How does the influence manifest itself

  • The child feels helpless and desperate because a cry for help can be fraught with new outbursts of anger and punishments.
    Example: “I didn't tell anyone until I was of legal age that my mother was beating me. Because she knew: nobody will believe. I explained the bruising on my legs and arms by the fact that I enjoy running and jumping. "
  • Children begin to hate themselves, their emotions are a constant anger and fantasies about revenge.
    Example: “I couldn't admit myself for a long time, but when I was growing up I wanted to strangle my father while he slept. He hit my mother, my younger sister. I'm glad he was imprisoned. "
  • Sexual violence does not always mean contact with the child's body, but it is no less destructive. Children feel guilty about what happened. They are ashamed, they are afraid to tell someone what happened.
    Example: “I was the quietest student in the class, I was afraid my father would be called to school, the secret would be revealed. He intimidated me: he always said that when this happens everyone will think I'm crazy, they'll send me to a psychiatric hospital. "
  • Children keep the pain inside so as not to ruin the family.
    Example: “I've seen my mother like stepfather a lot. Once I tried to tell her that he treated me as "adult". But she burst into tears so much that I dared not speak about it anymore. "
  • A person who experienced violence in their childhood often leads a double life. He feels disgusting, but pretends to be a successful, self-sufficient person. He cannot establish a normal relationship, he considers himself unworthy of love. It is a wound that goes on for a very long time.
    Example: “I always thought I was 'dirty' because of what my father did to me as a kid. To go to the first appointment, I decided after 30 years when I went through several courses in psychotherapy. "

What to do

The only way to escape a rapist is to distance yourself, to run away. Do not join yourself, but seek help from relatives and friends you can trust, seek help from psychologists and the police.
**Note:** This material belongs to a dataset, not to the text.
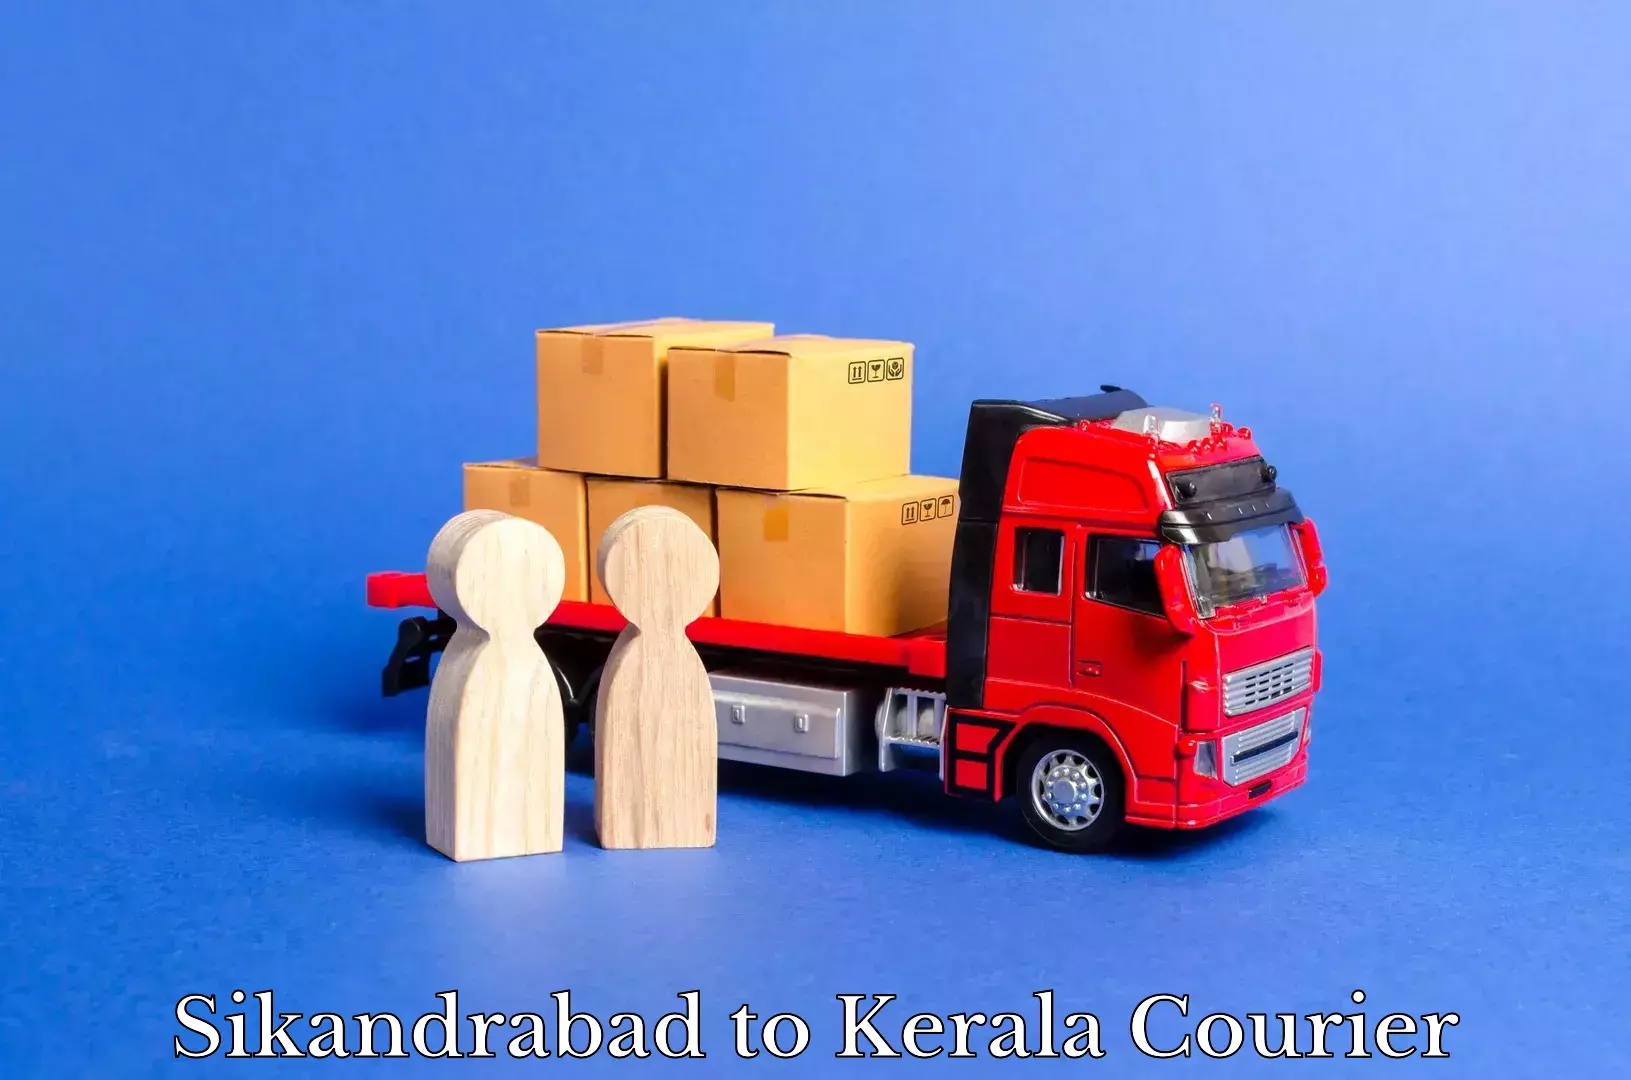 Sustainable courier practices Sikandrabad to Kerala

How to behave with toxic parents

1. Accept this fact. And understand that there is little you can do to change your parents. But you and your approach to life - yes.

2. Remember, their toxicity is not your fault. They are not responsible for the way they behave.

3. Communication with them is unlikely to be any different, so keep them to a minimum. Start the conversation knowing in advance that it may be uncomfortable for you.

4. If you are forced to live with them, find a way to blow off steam. Go to fitness training. Keep a journal, describing not only bad events, but also positive moments in order to support yourself. Read more literature on poisonous people.

5. Don't make excuses for the parents' actions. Your wellbeing should be a priority.